Provided material
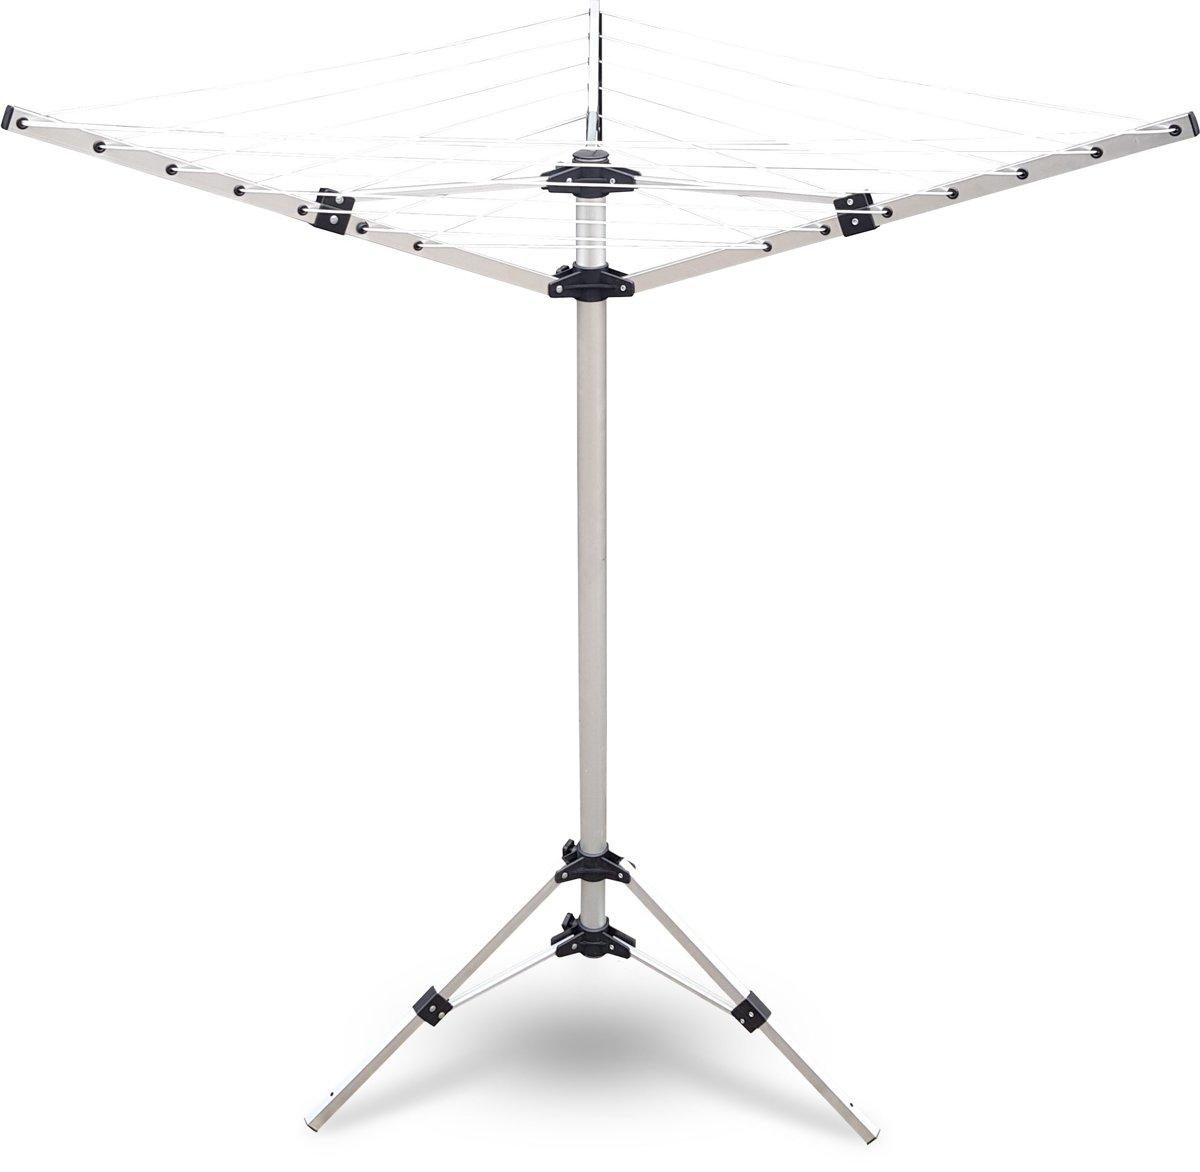 Meisterhome Droogmolen - 18 m lijnlengte - 3 armig - Balkon - Camping kopen
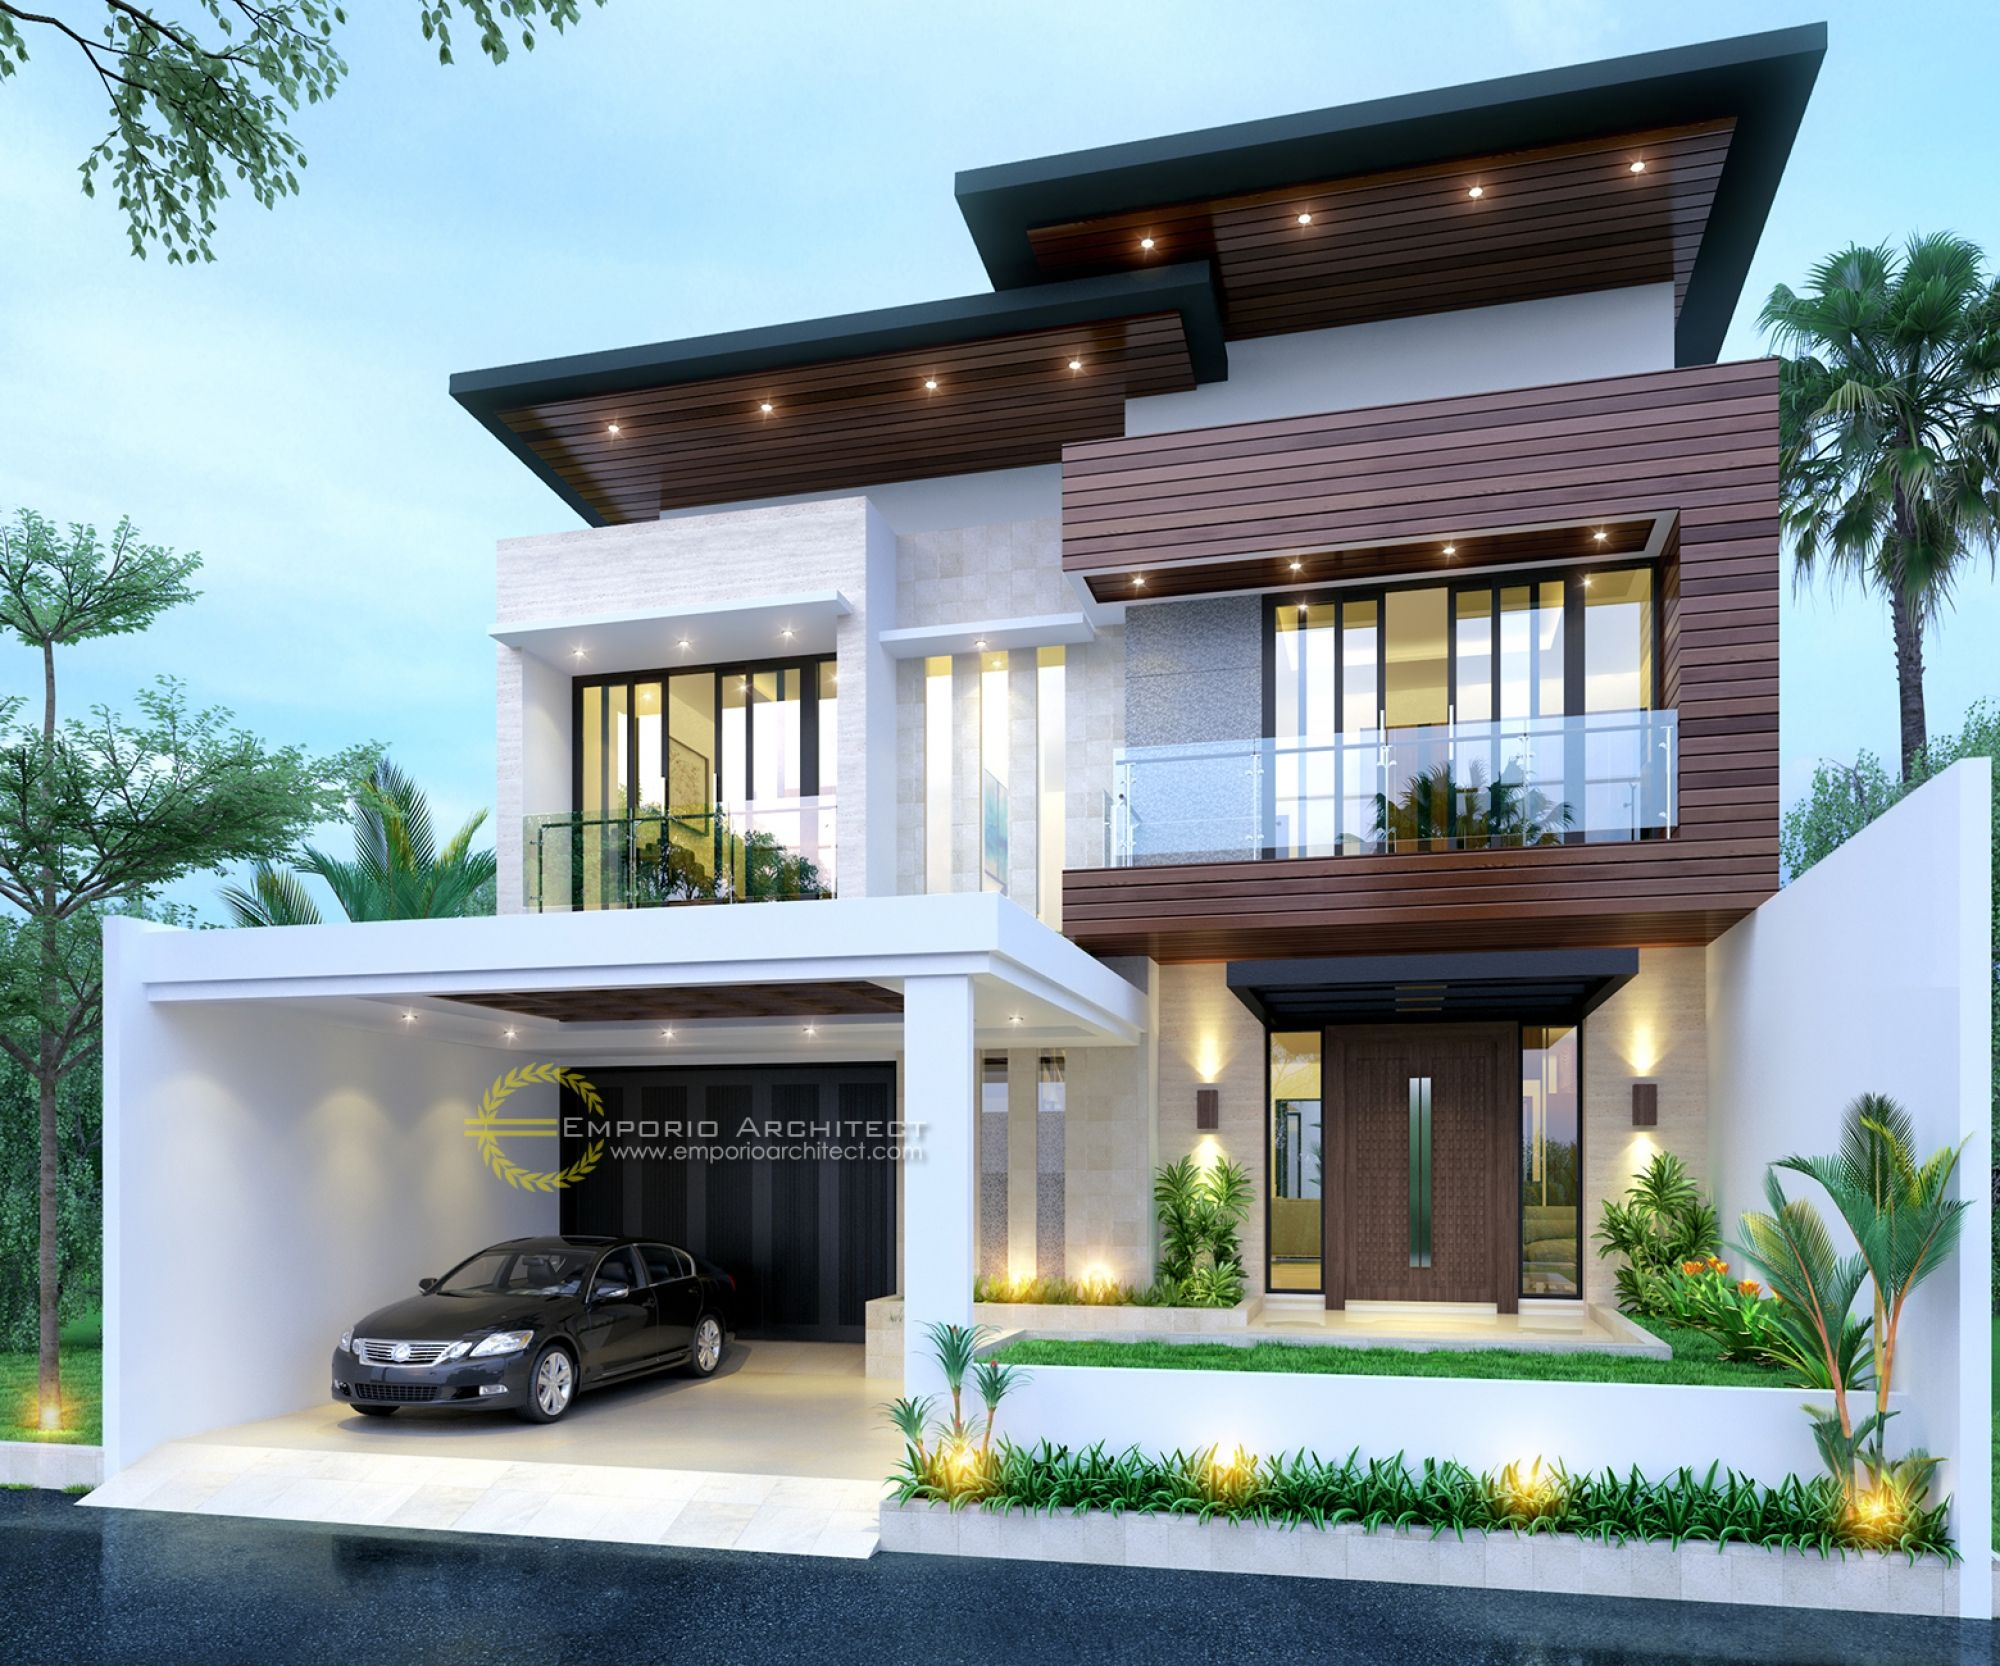 Jasa arsitek desain rumah ibu anisa modern house plans design blueprints also ultra home designs  in rh pinterest
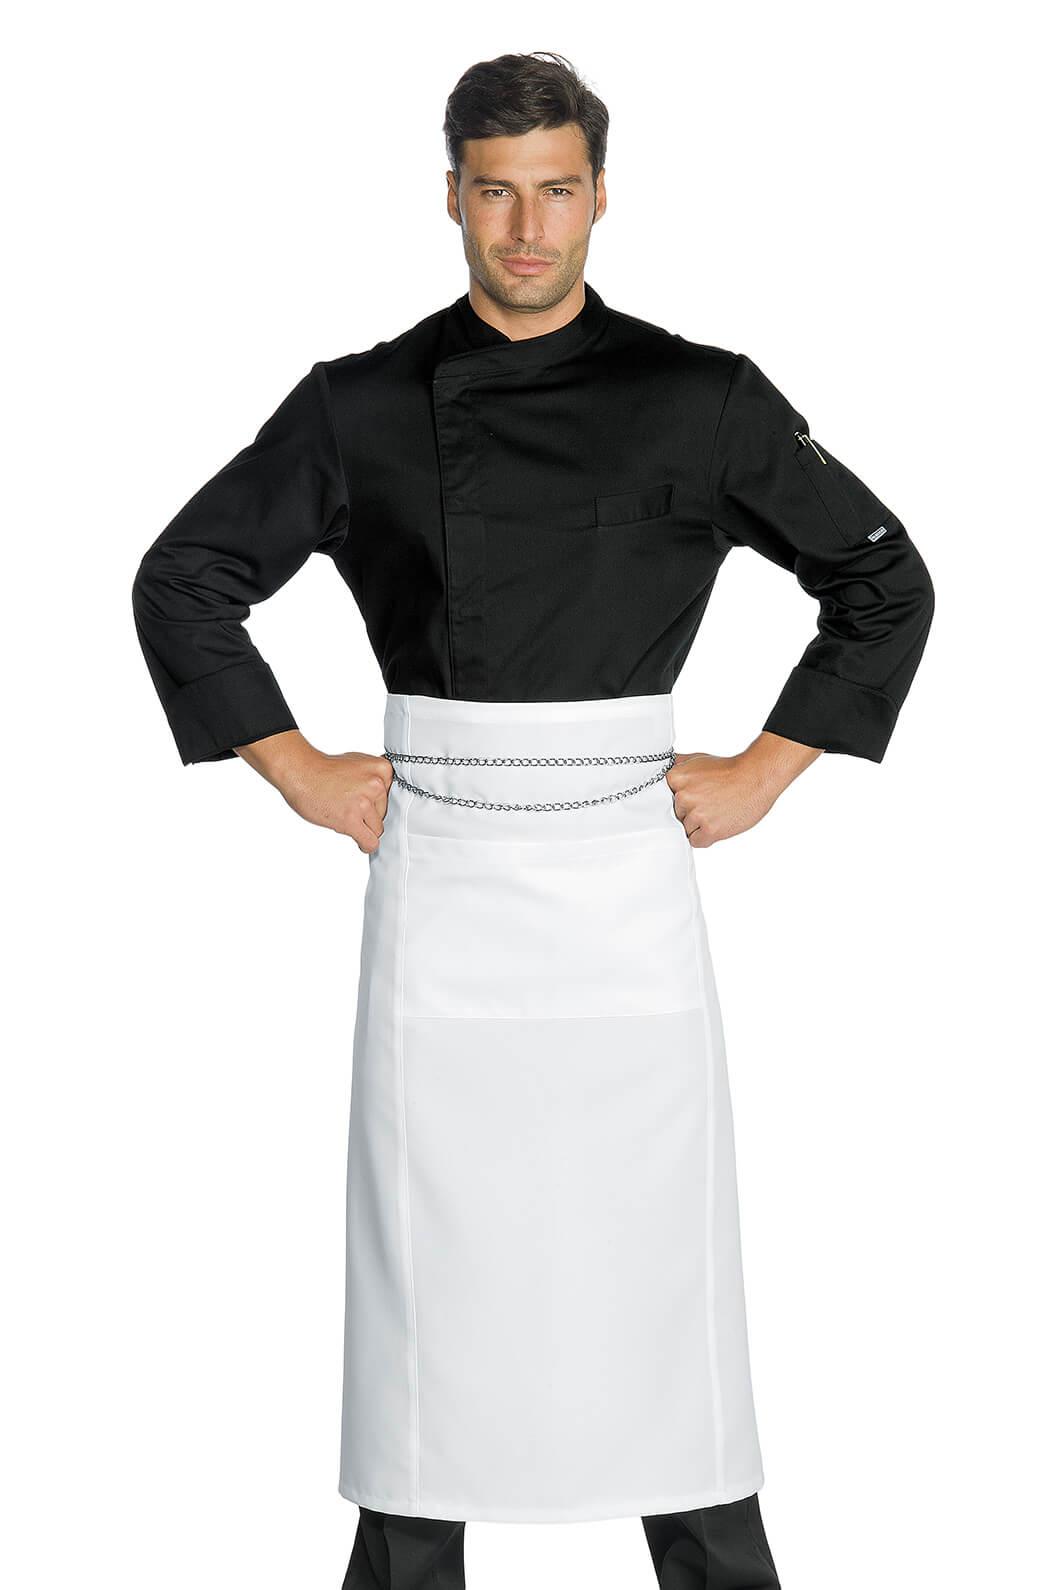 Veste chef cuisinier suzuka microfibres super dry noir for Cuisinier 71

Instructions to follow
Any picture in the listing above gets left out; output the rest exactly.

Task solution
 Meisterhome Droogmolen - 18 m lijnlengte - 3 armig - Balkon - Camping kopen
 Jasa arsitek desain rumah ibu anisa modern house plans design blueprints also ultra home designs  in rh pinterest
 Veste chef cuisinier suzuka microfibres super dry noir for Cuisinier 71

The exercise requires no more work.